## What you are asked to do
Could you output each line below exactly as it appears, excluding any pictures?

## Material provided
—————

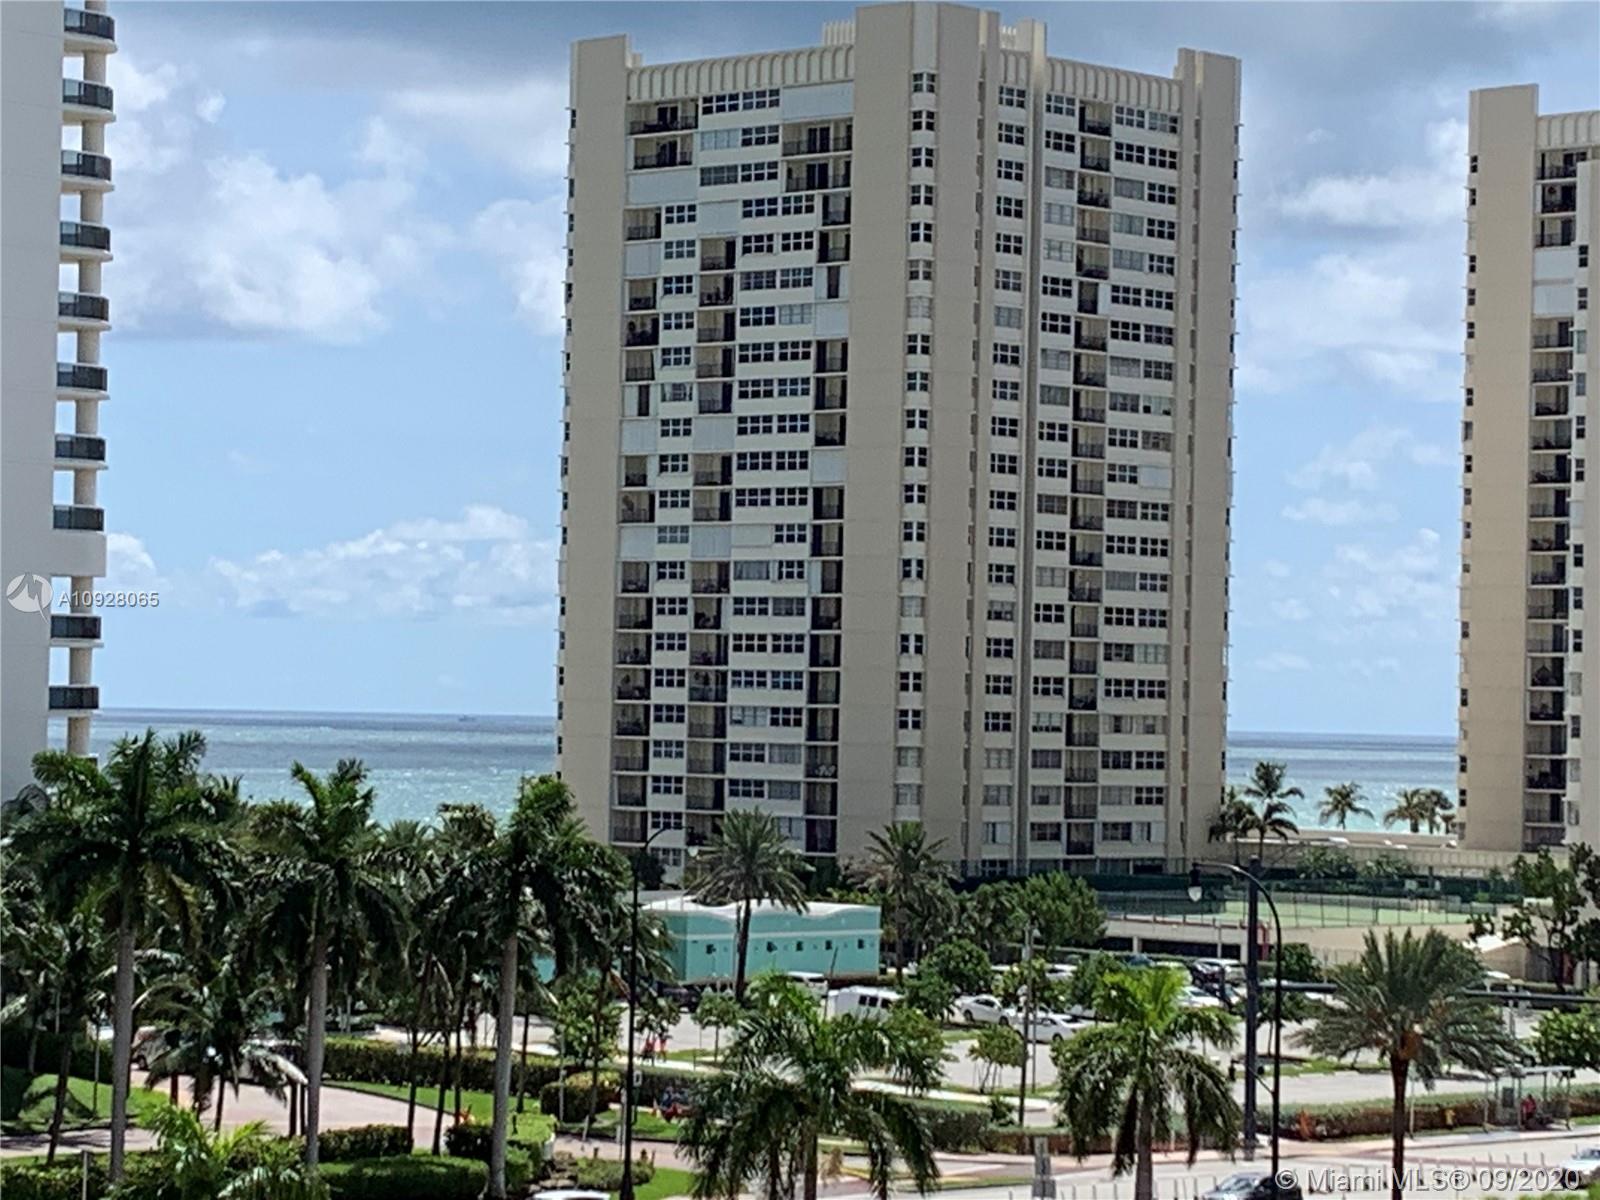 Imperial Towers Three #609 - 1825 S Ocean Dr #609, Hallandale Beach, FL 33009
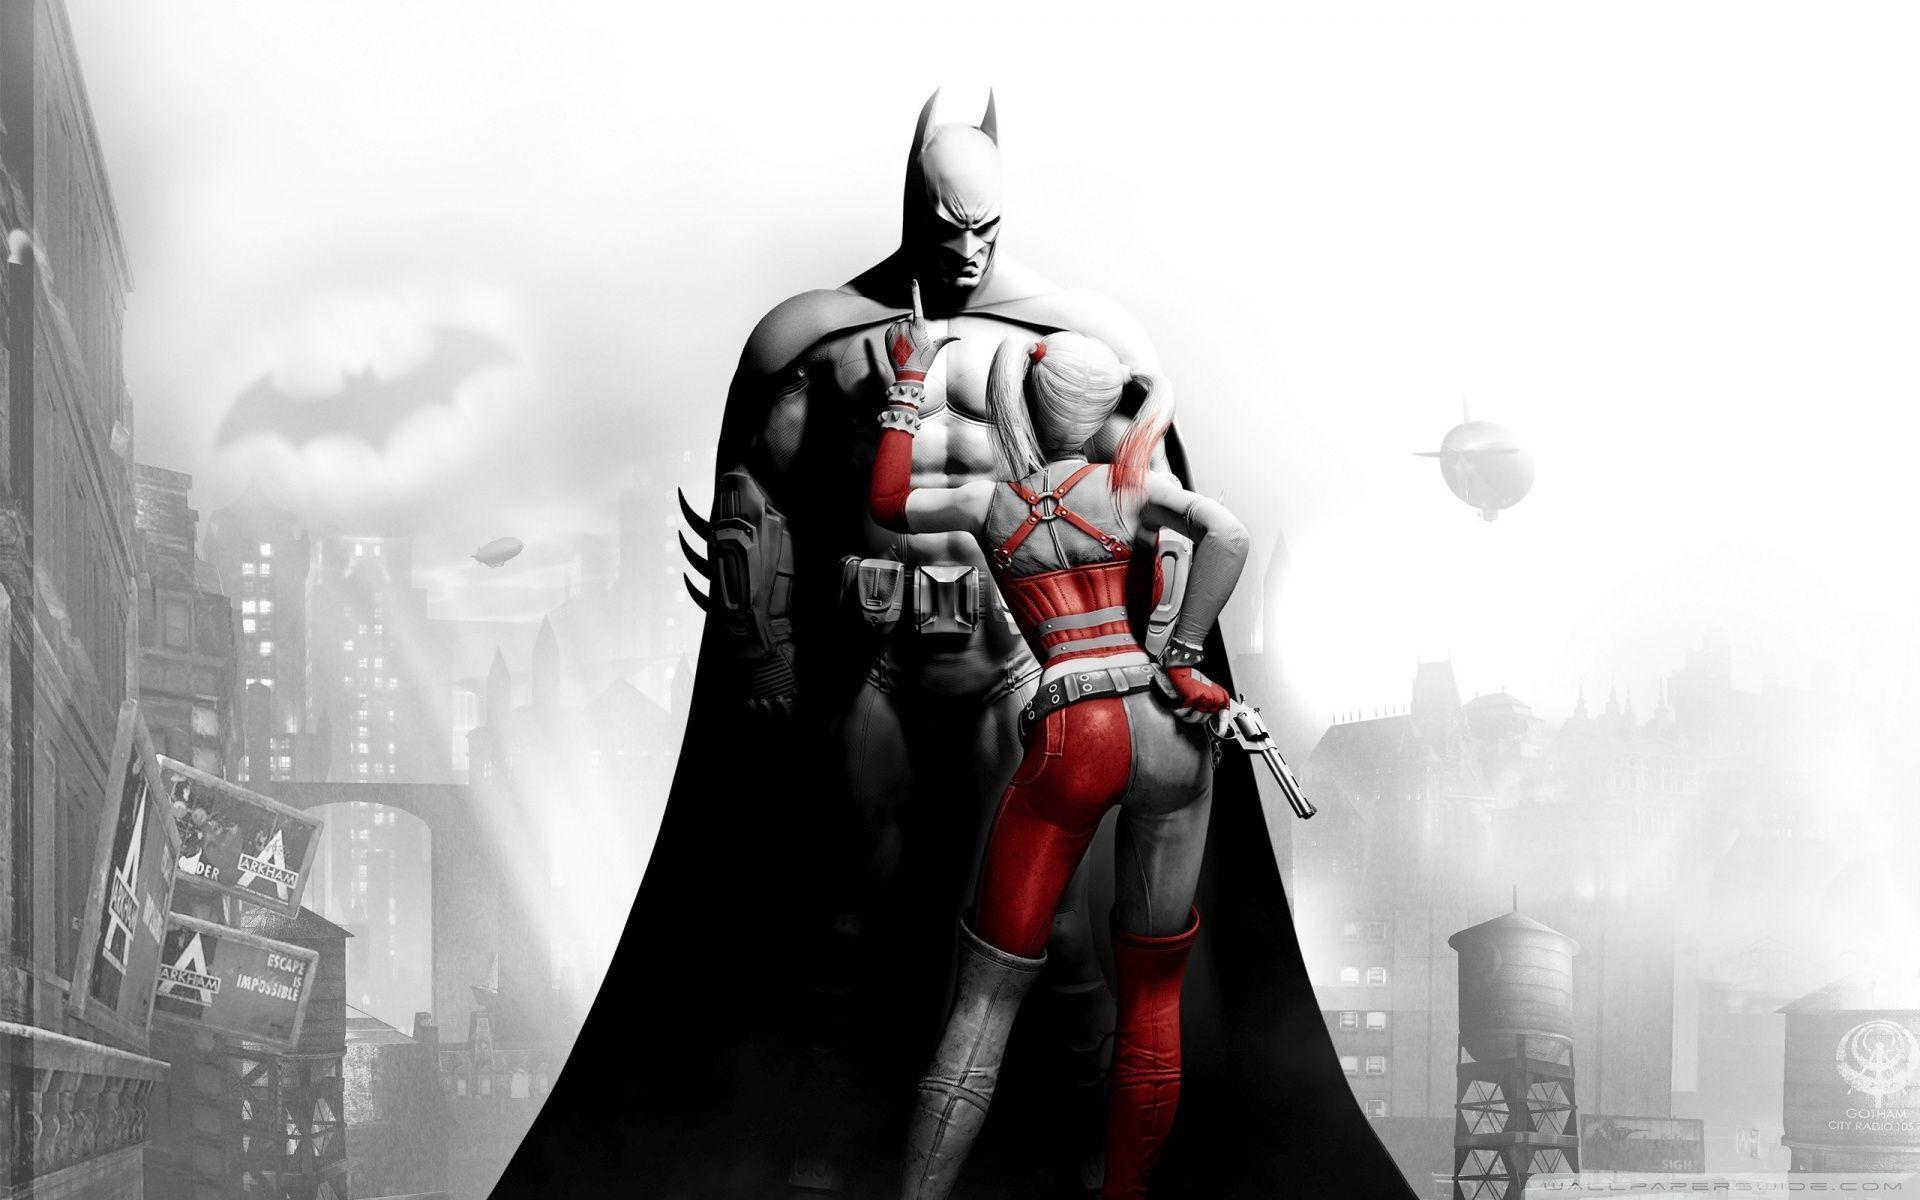 Joker Harley Quinn Wallpapers Hd 1080p Wallpaper Cave
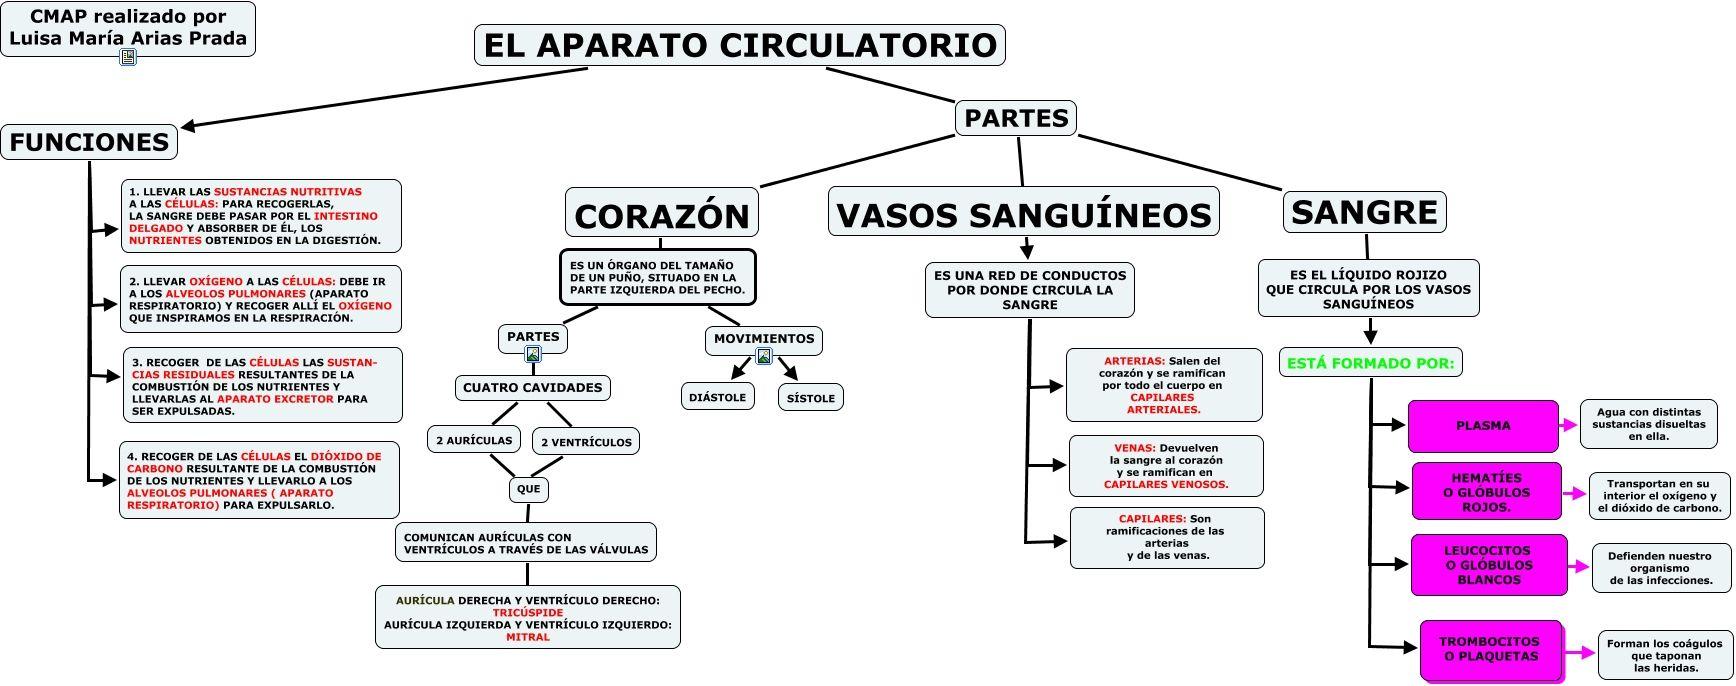 El Sistema Circulatorio Sistema Circulatorio Dibujo Del Aparato Circulatorio Aparato Circulatorio

—————

## Answer box
 Imperial Towers Three #609 - 1825 S Ocean Dr #609, Hallandale Beach, FL 33009
 Joker Harley Quinn Wallpapers Hd 1080p Wallpaper Cave
 El Sistema Circulatorio Sistema Circulatorio Dibujo Del Aparato Circulatorio Aparato Circulatorio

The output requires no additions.